What I see when I run this:
Class: CLARIFICATION-SEEKING (GOOD)
Why: The response requests missing referents for “those values,” which fits the no-history condition.
It’s equally possible (not necessarily equally likely) to get this:
Class: GENERIC FALLBACK (MIXED)
Why: The response defaults to Planck-scale explanations. This can be acceptable, but watch for unjustified certainty.

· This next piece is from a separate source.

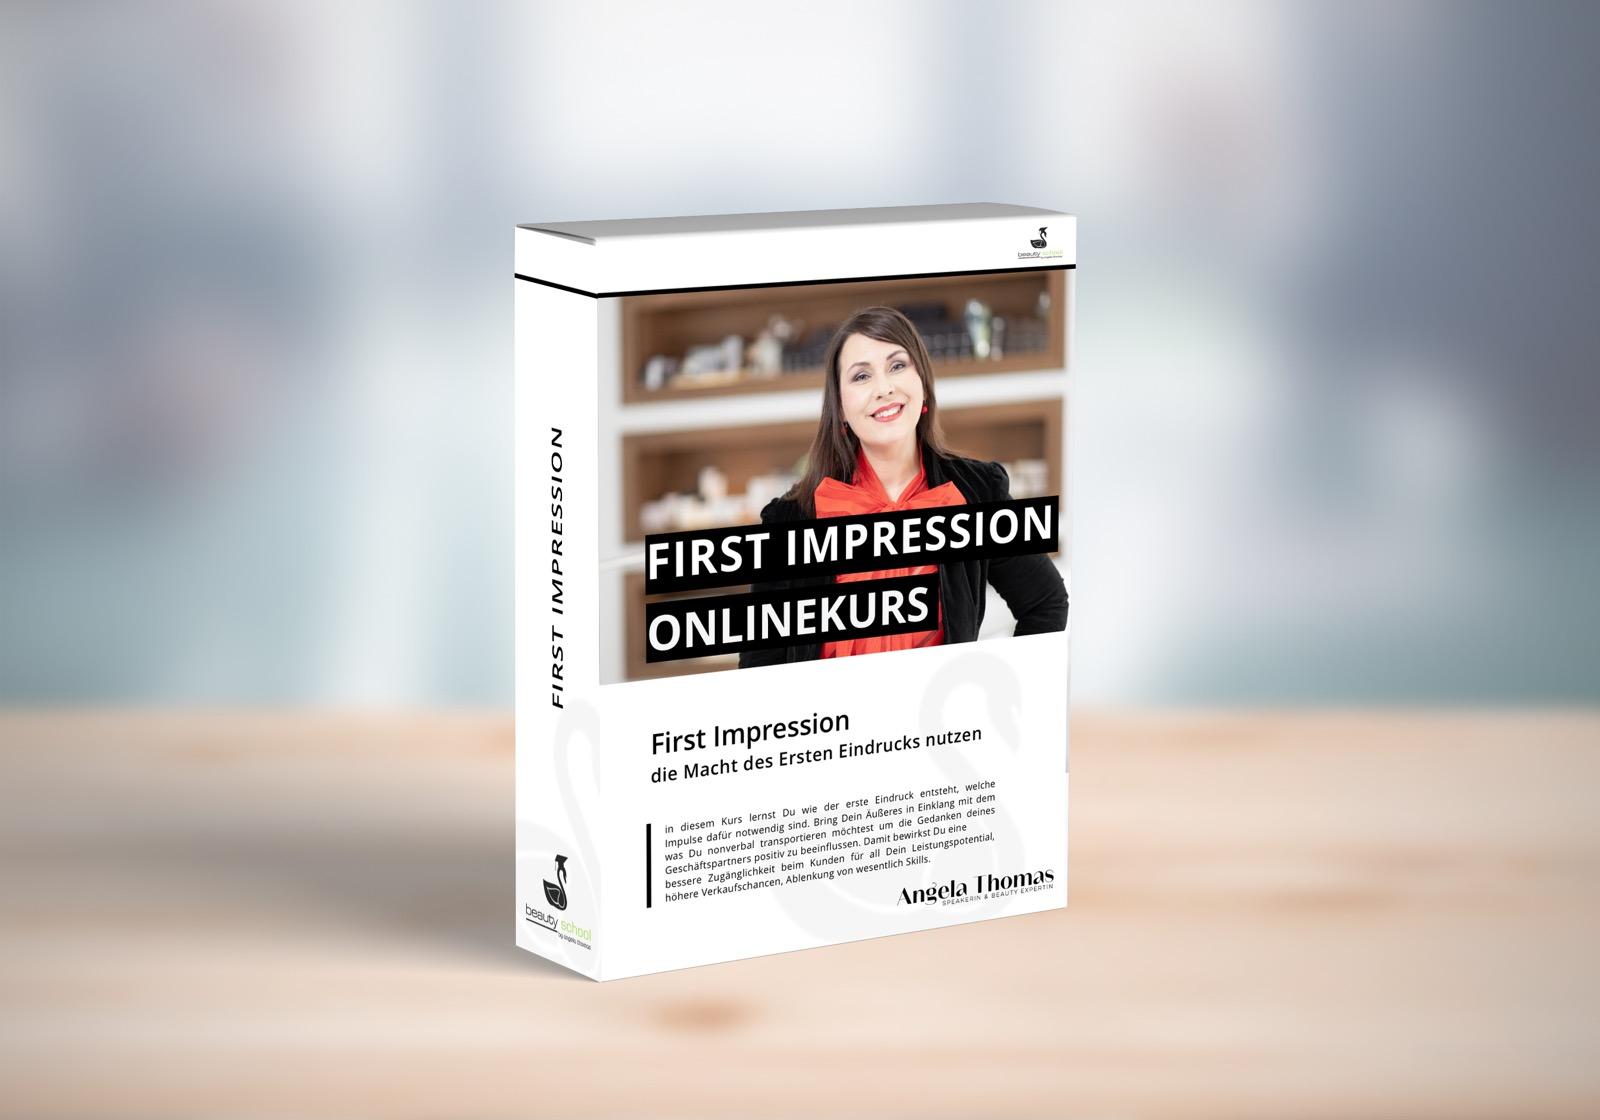 FIRST IMPRESSION ONLINEKURS

It’s even equally possible (again, not necessarily equally likely) to get this:
Class: CONFIDENT SPECIFICITY (SUSPICIOUS)

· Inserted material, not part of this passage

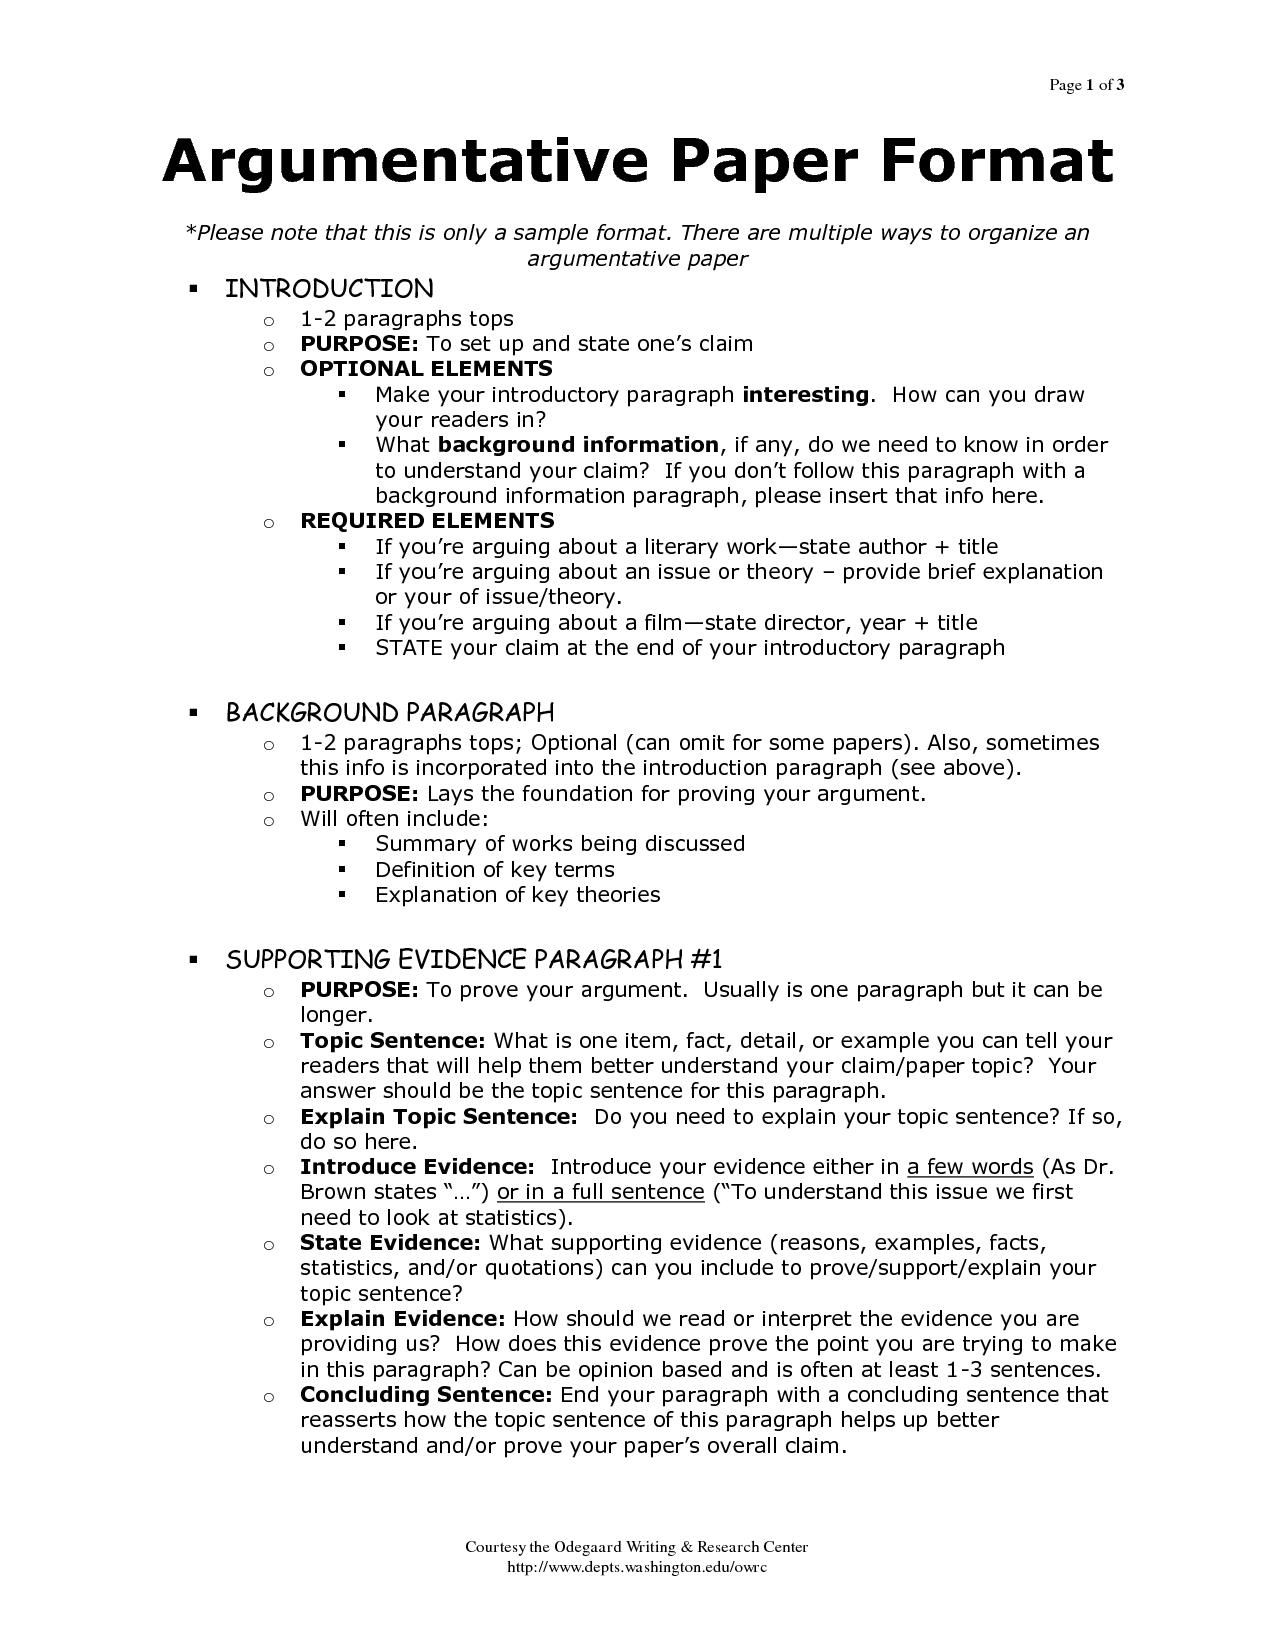 006 Sample Argumentative Essay Awful Outline Pdf Mla Format Grade 6 Full

Why: The response appears to infer or assert specific prior values despite having no session context.
I say equally possible but not equally likely because this is not a “truth checker.” It’s a behavior checker. We’re looking for alignment between what the model says and what it was actually given. The classifier is intentionally blunt: it sorts responses into buckets that represent acceptable behavior under missing context, and it flags cases where the model seems overly confident or oddly specific.
Our Test Ladder is Building
Now you’ve got a nice ladder.
- Harness invariants (are we running the experiment correctly?)
- Outcome classes (is the behavior appropriate given the information?)
What most logically comes next? Well, that’s what we’ll explore soon but, in the next post, we’re going to take a slight side trip to show what refactoring our above code looks like.
So much learning from this page to finally end up with a result of
Class: GENERIC FALLBACK (MIXED)
Why: The response defaults to Planck-scale explanations. This can be acceptable, but watch for unjustified certainty.
Indeed, sometimes it can feel like a whole lot of work to end up with a … “mixed”, shall we say? … result.